The FAIR Framework architecture
What Is Agentic AI?
Nadella and Benioff drew attention to the rise of Agentic AI in their recent podcasts, “Satya Nadella | BG2 w/ Bill Gurley & Brad Gerstner” and “Why Salesforce Isn't Hiring Software Engineers” respectively. Marc explained that his total engineering team will grow through the deployment of AI Agent software engineers without hiring additional human software engineers. In fact, Marc has doubled down his effort in the AgentForce World Tour globally since November, 2024.
His view is similar to Satya who believes the SaaS (Software as a Service) format will be replaced by AI Agents. Unlike SaaS which has defined features and user interface, AI Agents can be customized for any workflow without imposing on business workflows to fit in with the SaaS design.
Agentic AI takes advantage of the analytical power of a GenAI Large Language Model (LLM) to adapt to changing environments and events. AI Agents optimize decision-making processes according to the business rules encoded in them.
The recently released OpenAI Operator preview is OpenAI’s first AI Agent platform which harnesses the intelligence of its ChatGPT (LLM) and O1/O3 reasoning models. Operator is designed to “operate” on behalf of their human users based on the recommendations produced by their GenAI counterparts. It relieves the administrative burden of their human users, for instance, in coordinating and aligning multiple decisions such as flights, accommodation, local activities and restaurant bookings to fit with a travel plan and budget.
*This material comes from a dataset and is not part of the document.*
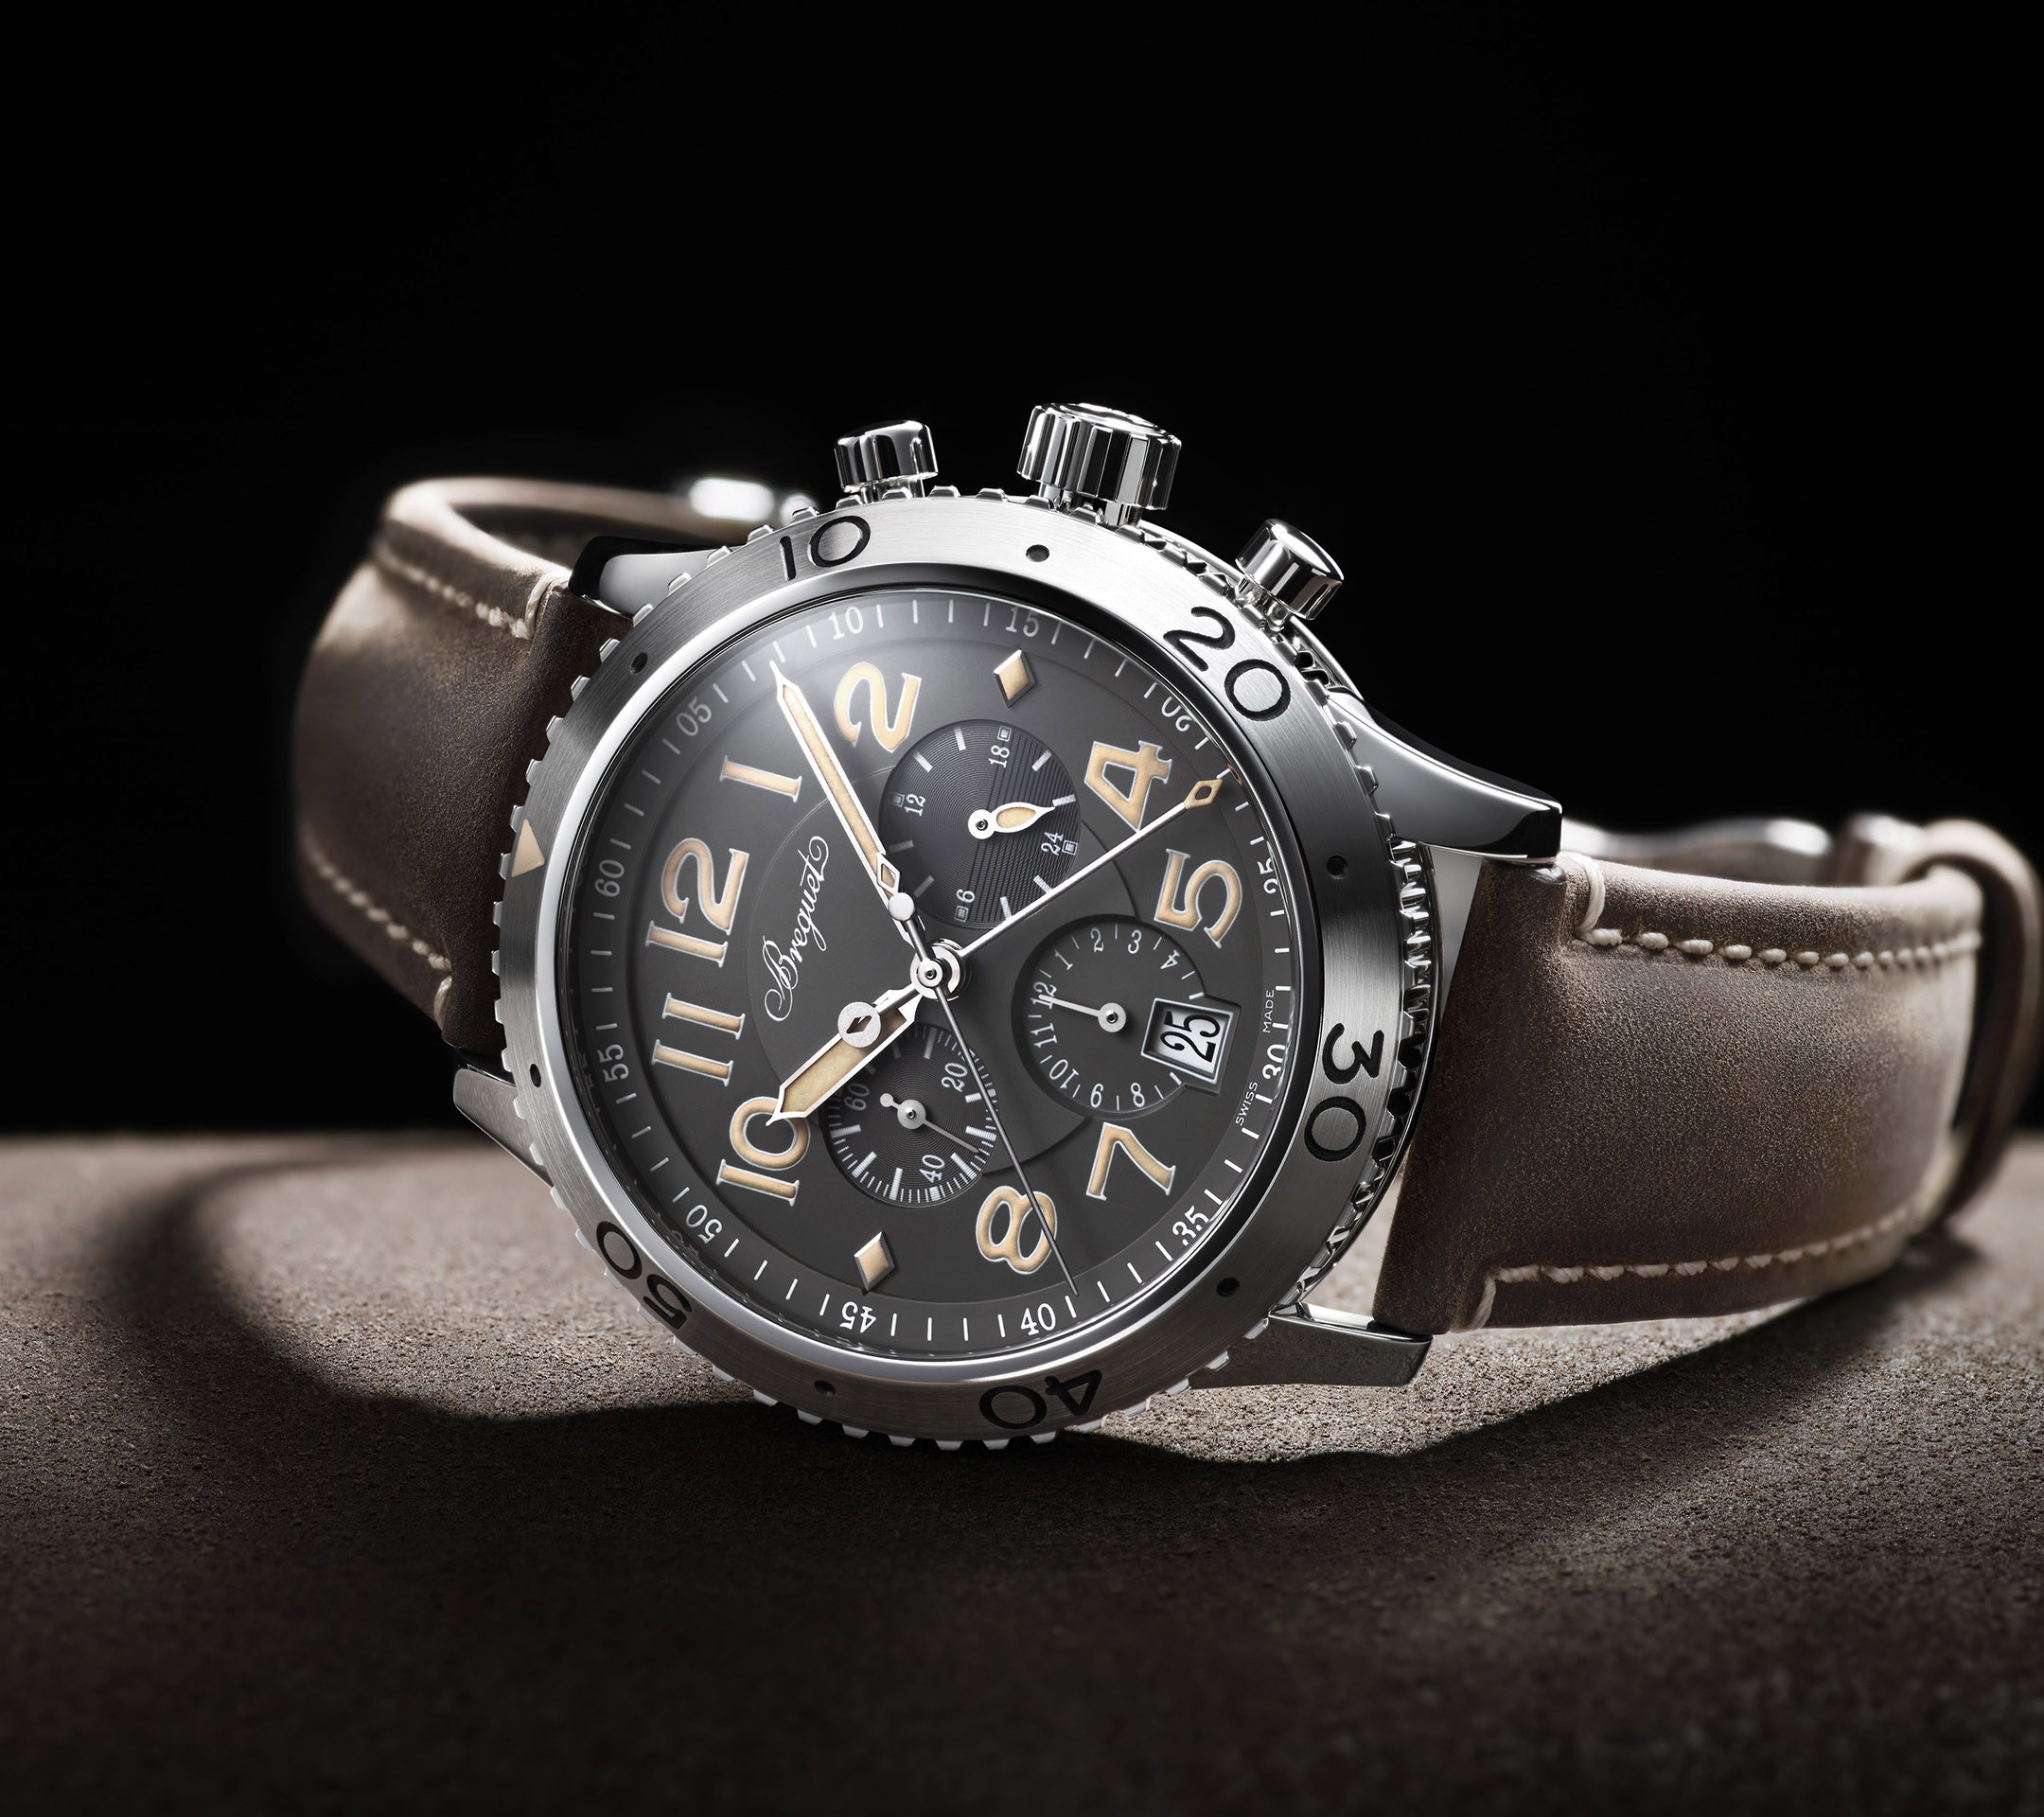 2160x1920 Breguet watch with brown leather strap Wallpaper

Without Operator, some of these recommendations might have already been booked by the time the reservation is made in the suggested sequence forcing a change of plan. An AI Agent can initiate and change multiple bookings in parallel, minimizing the likelihood of forced change in plans.
In other words, AI Agents rely on patterns and likelihoods to make decisions and take actions, as opposed to deterministic systems—such as Robotic Process Automation (RPA)—that follow fixed rules with predefined outcomes. Agentic AI now makes it possible to automate many workflows and business processes that deterministic systems have not been capable of addressing on their own.
Herding Cats – Modelling Agentic AI Risk with FAIR-CAM
While the promise from Agentic AI of enabled automation is exciting, the non-deterministic nature of these autonomous decision processes demand a new approach to model the operational risks. Managing a fleet of AI Agents could feel like herding cats which have minds of their own. They do not pay much attention to their owners beyond their biological rules programmed in their genes. These dynamic relationships are similar to the physiology of organs in our bodies which also function autonomously. The groundbreaking FAIR-CAM standard for “Controls Physiology” is perfect for modelling Agentic AI risks.
FAIR-CAM is comprised of three control domains as depicted below:
FAIR-CAM builds on the strength of FAIR to measure the efficacy of controls. For example, the Loss Event Controls (LEC) identify control settings which reduce the likelihood of Loss Events (LEF) and accelerate the containment of an incident to reduce Loss Magnitude. Annualized loss exposure (ALE) is expected to increase when the efficacy of LECs deteriorates.
The Variance Management Controls (VMC) are the cornerstone for modelling the “physiology” of controls through the Prevention, Identification and Correction of variances. The autonomous functioning of human organs can be modelled through the VMC lens.
Changes introduce variance. When people’s lifestyle changes, perhaps due to changing diet, workload or even weather, the body and its organs respond to the changes. While an “unhealthy” lifestyle change (such as overeating to deal with stress) deteriorates the physiology of the body, equally a “healthy” lifestyle change (such as exercise and eating fresh fruit) can do wonders in improving the state of physiology.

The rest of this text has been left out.